Dylan Thomas, the poet and writer, is my personal favorite Welsh icon, Dylan is a Welsh name, it should be pronounced Dulan. He wrote the poem “Do not go gentle into that good night” and the play for voices “Under Milk Wood”. There are plenty of other famous Welsh people, singers Tom Jones and Shirley Bassey, actors Richard Burton, Catherine Zeta Jones and Timothy Dalton and politician Aneurin Bevan, the founder of the National Health Service. The current Australian Prime Minister, Julia Gillard, is originally from Wales.


Big Pit. Wales

Places To See

Places that tourists like to visit in Wales include our many ancient castles, beautiful mountains and some lovely beaches. We also have fantastic museums and commercial attractions. You may not associate Wales with the Romans, but much of Wales was under Roman military occupation. Some of the finest Roman remains in Europe are found in Caerleon, South Wales, including an amphitheater, barracks and bath house. One of our old coal mines has been converted into a fantastic (and free!) tourist attraction. At Big Pit, Blaenafon, South Wales, you can descend into the mine guided by real ex miners, to experience what life was like for the men, women, children and ponies that worked underground. Our coal mining industry is long gone, but it was a huge part of Welsh history. These days there is a lot of interest in Cardiff from fans of the TV series Dr. Who. It’s made and filmed in and around Cardiff, and many local sites are featured. Bad Wolf Bay is actually Southerndown, a beach not far from Cardiff, the Torchwood tower stands on Cardiff bay in Roald Dahl place. The famous children’s writer was also a Cardiff boy.

Thank you, Alyson, for this wonderful post about Wales! I remember visiting Wales when I was 11 years old and being in awe of the beautiful countryside. My mother was a bit too in awe of the countryside – she kept navigating my father on detours through “green sections of the map” so that we could see more Welsh countryside and sheep!

MaryAnne is a craft loving educator, musician, photographer, and writer who lives in Silicon Valley with her husband Mike and their four children.

7 thoughts on “Exploring Geography: Wales”

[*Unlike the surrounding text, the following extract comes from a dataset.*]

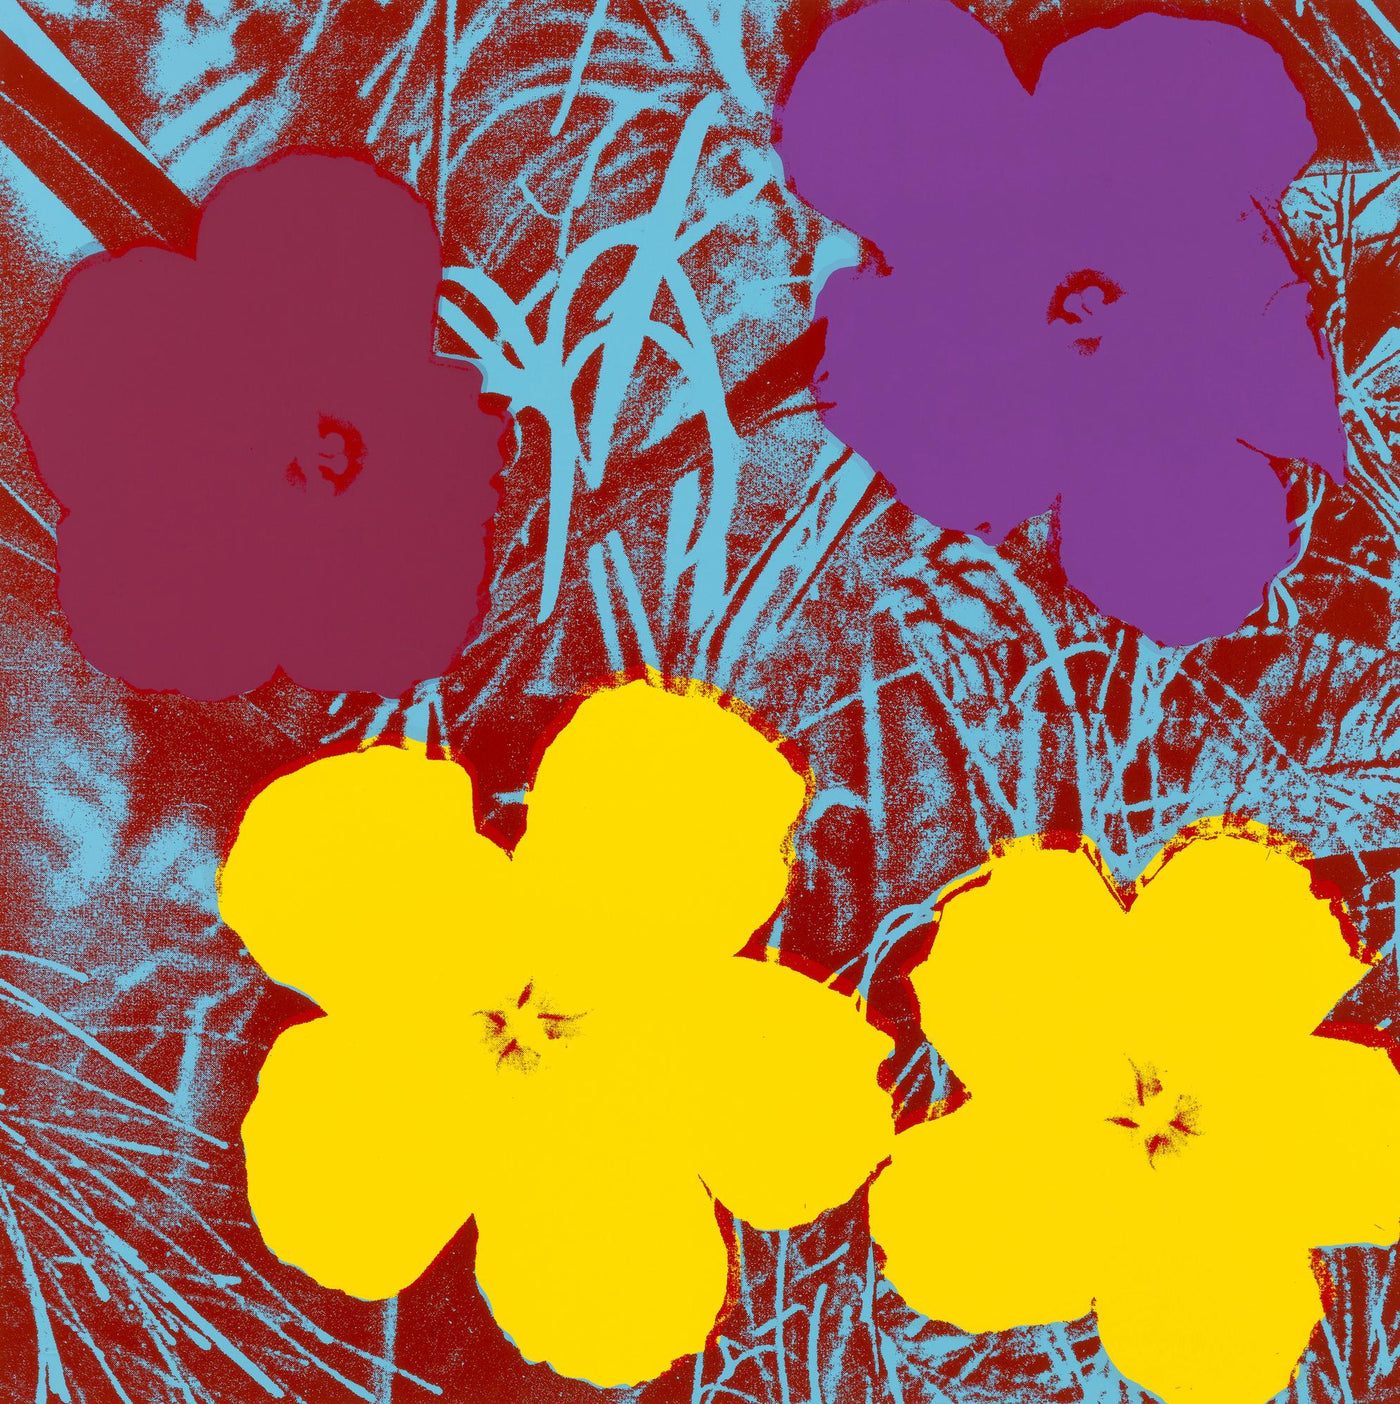 Andy Warhol Flowers (Feldman II.71) 1970

  1. This was really interesting! I’m terrible at geography and therefore didn’t know what to make of Wales. And I didn’t know that you had your own language and that it went through a period of suppression! It looks nothing like English too, that’s amazing how different they are. Very cool tidbits!

  2. That Welsh Rarebit looks really good – I love the idea of adding beer & mustard to the cheese sauce. I’ve always wanted to visit Wales and may get an opportunity one day as my husband supports them in Rugby:) Thank you for this lovely post.

  3. Mud Hut Mamma, I like your husband’s choice of rugby team! We are rugby mad in Wales, I really should have mentioned it!

  4. Elisa | blissfulE

    MaryAnne, I love it that your mother kept detouring you through the green sections of the map in Wales! That’s what I want to see, too, if ever I get a chance to visit.

    I have a friend whose daughter is named Dylan, and I find it fascinating that it should be pronounced Dulan. I want to try some Laver Bread and Welsh Cakes now, too! Thanks for a great intro to a beautiful country with a fascinating language.